Houve um homem. Viveu no Séc. XVI. Vivia pobre quando o ouro luzia. Dizem que viveu muito lá para trás, mas não é verdade. Ele vive hoje. Continua vivo no fogo da sua palavra. Nas asas do vento que impelem o seu exemplo até nós. No fogo que o atraiu indómito para o céu.
Houve um homem. Era um zé ninguém. (Que me perdoem os Zés). Não erguia a voz. Como os carvalhos jamais torcia. Jamais gemia. Não esmagava ninguém. Não pisava sequer as ervinhas. Era irmão dos pardalitos, das águias. Das faúlhas, da arraia miúda. Amava os bichos. As raposas. Os gamos. As lebres. As formigas. As frescas brisas das manhãs. As tardes ardentes como fogueiras. A amplidão dos caminhos (interiores).
Houve um homem. Chamava-se João. Ensinou-nos a não colher flores. A amar os regatos. O pôr do sol. A aurora. A não viver à flor da pele. A beber pela concha das mãos a água viva da fonte que, incessante, mana e corre. A mergulhar nos oceanos inteiramente por descobrir. A voar direitos ao céu.

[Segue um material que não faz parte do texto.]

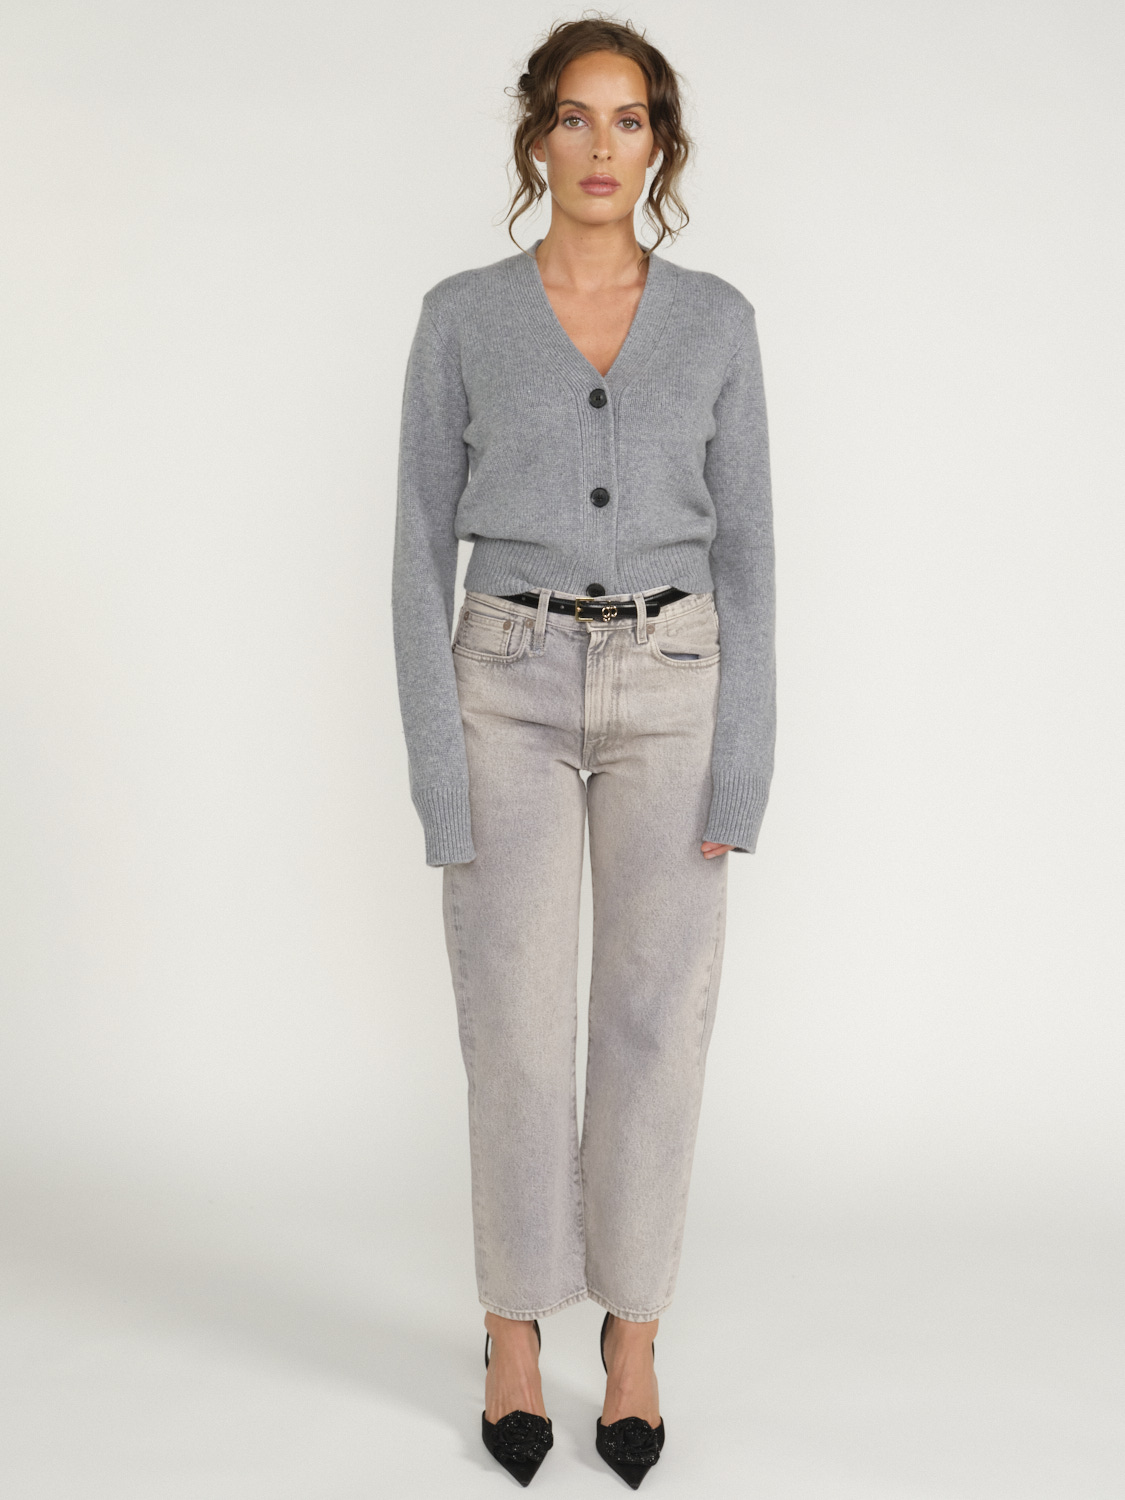 Nili Lotan Caldorf Sweater - Cardigan with button facing in cashmere grey M
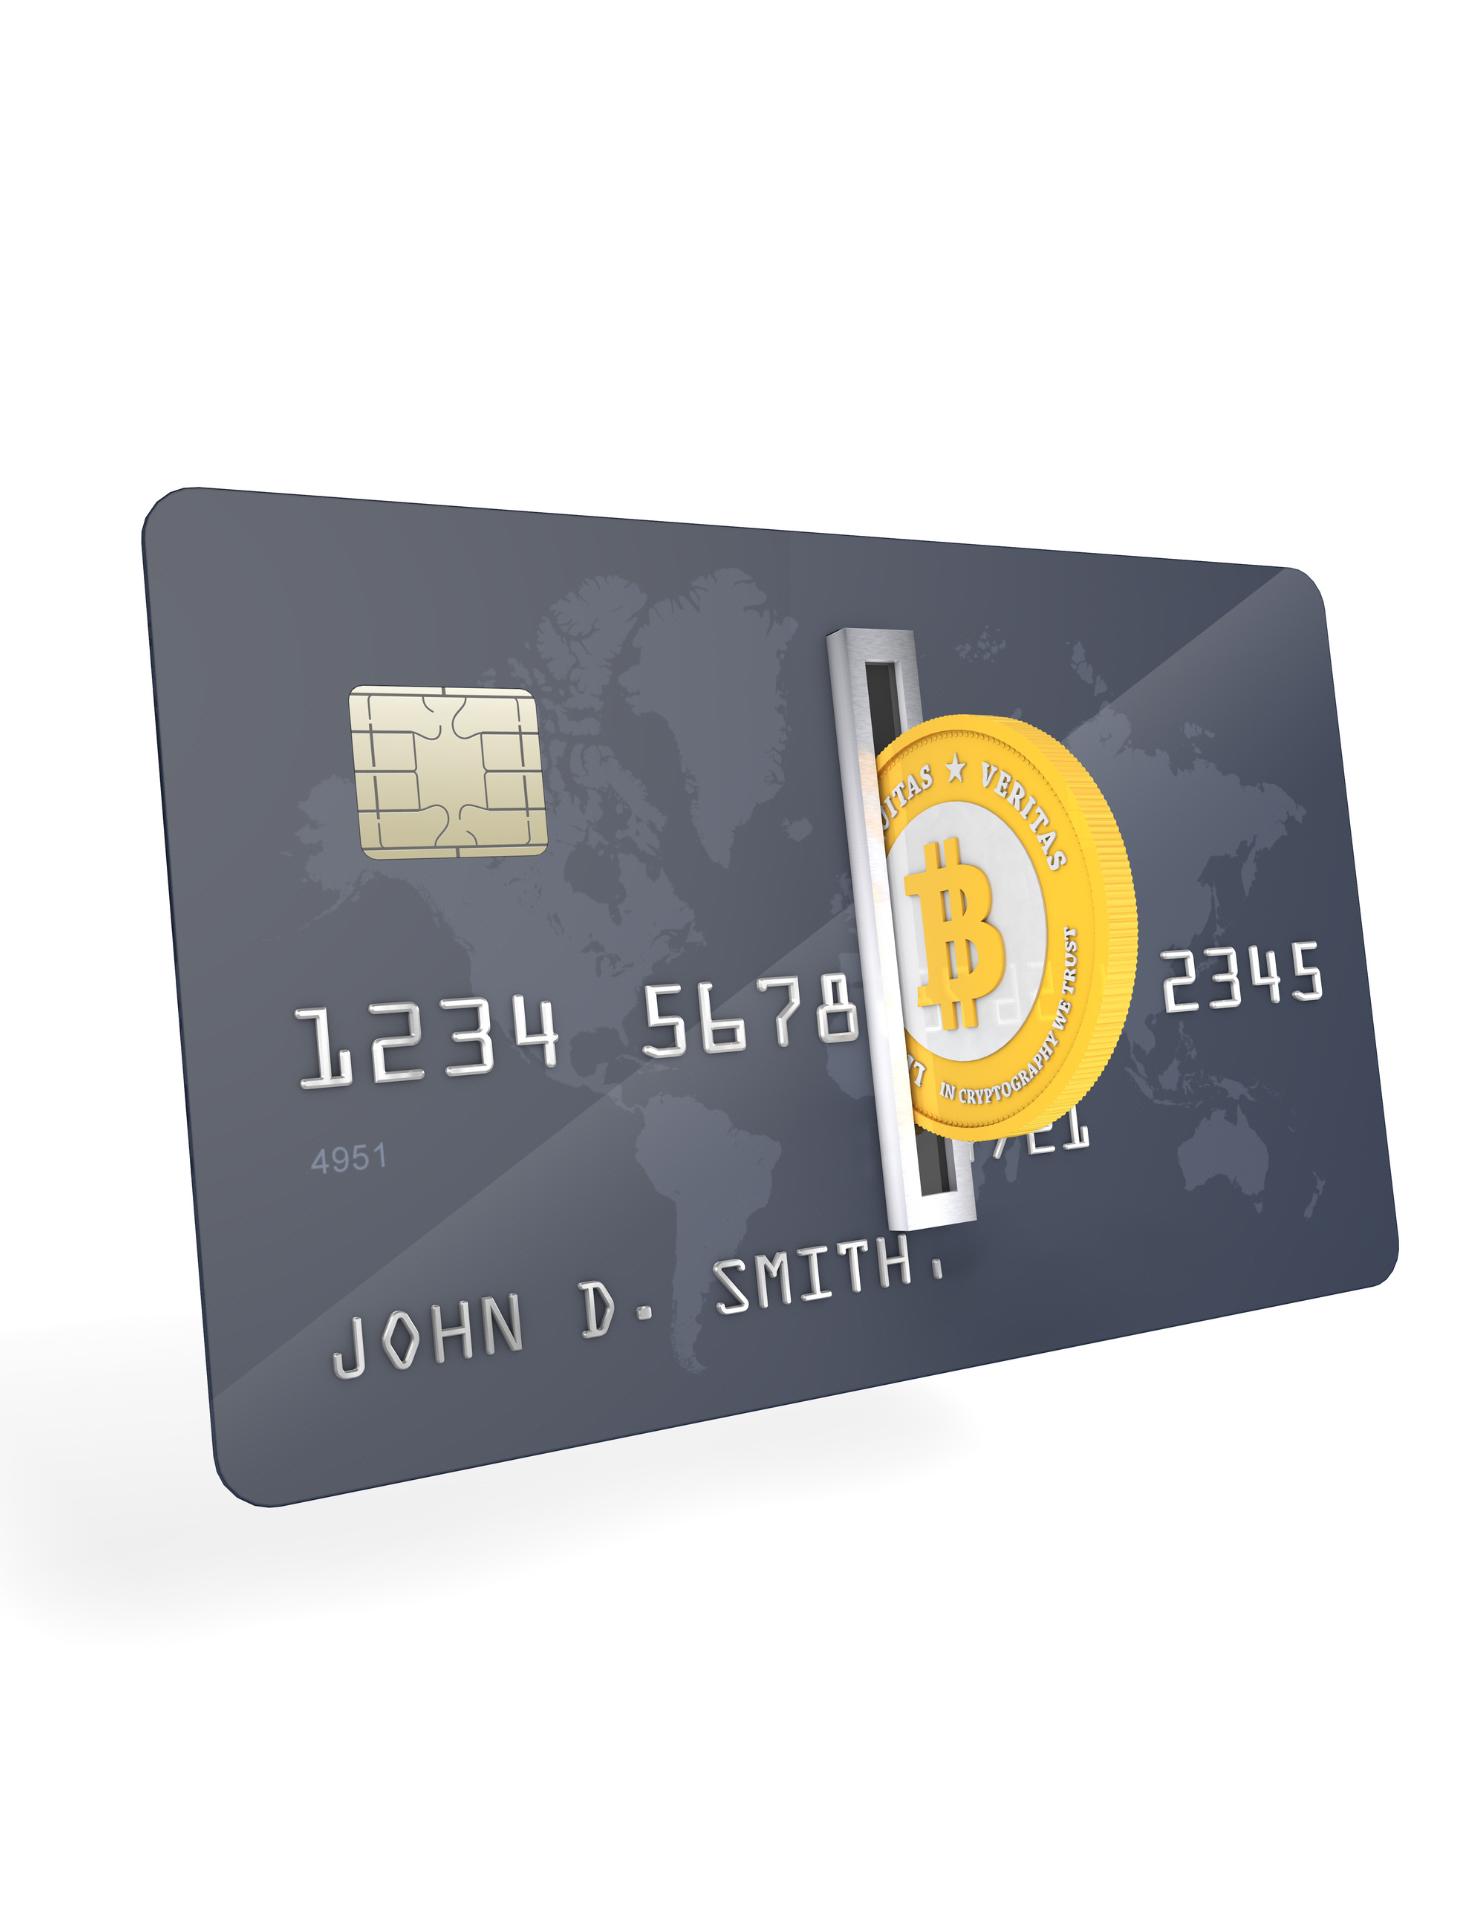 prepaid crypto debit card anonymous

Houve um homem. Quis ser pobre, apenas pobre. Nada mais que pobre. Só pobre. Pobre, pobre. Sem arrimo. Como os que se sentam no chão das praças e dos salões dos palácios. Amou a luz. O fogo. O incêndio. Amou-os. Abraçou-os. Incendiou-se, incandesceu-se até às cinzas. Como gentil candeia em nossas escuras noites.
Houve um homem. Não temeu as pedras, as setas, os espinhos. Nem abrolhos. Amou a cruz. Abraçou-a. Levou a sua. A nossa. E continua carregando-as. Da Cruz, por ele, é o nosso apelido. Dizem que «amava a Cruz mais que o próprio Cristo». Não é verdade, mas reconheceu-a como janela firme de eternidade.
Houve um homem. Raso como o chão. Jamais mais alto que a sombra. Era simples como as pombas. Os seus pés nus pisaram pedras frias e escombros. As mansas mãos abençoaram. Os olhos elevaram para Deus, os irmãos, os pobres. Os famintos. (Não sei bem a ordem, e talvez não interesse, a não ser que todos eram primeiros na sua delicadeza e cuidado!). O coração fervia como uma panela.
Houve um homem. Grande como um abismo diante do abismo de Deus. Deus acocorou-se nele. Ele expandiu-se em Deus. Como um deserto que na primavera desperta feito tapete de florinhas.
Houve um homem. Gostava de festa. Gostava do Natal. Num bendito dia da Natividade do Senhor tomou da manjedoira a Sua imagem e, encantado, bailou extasiado com ela, cantando: «Meu doce e terno Jesus, se amores me hão de matar, agora têm lugar!». Morrer de amor pelo Menino. Haverá maior doce, melhor morte?
Houve um homem. Mostraram-no-lo santo há trezentos anos. Mas nós sabíamo-lo ainda antes disso. Feliz jubileu.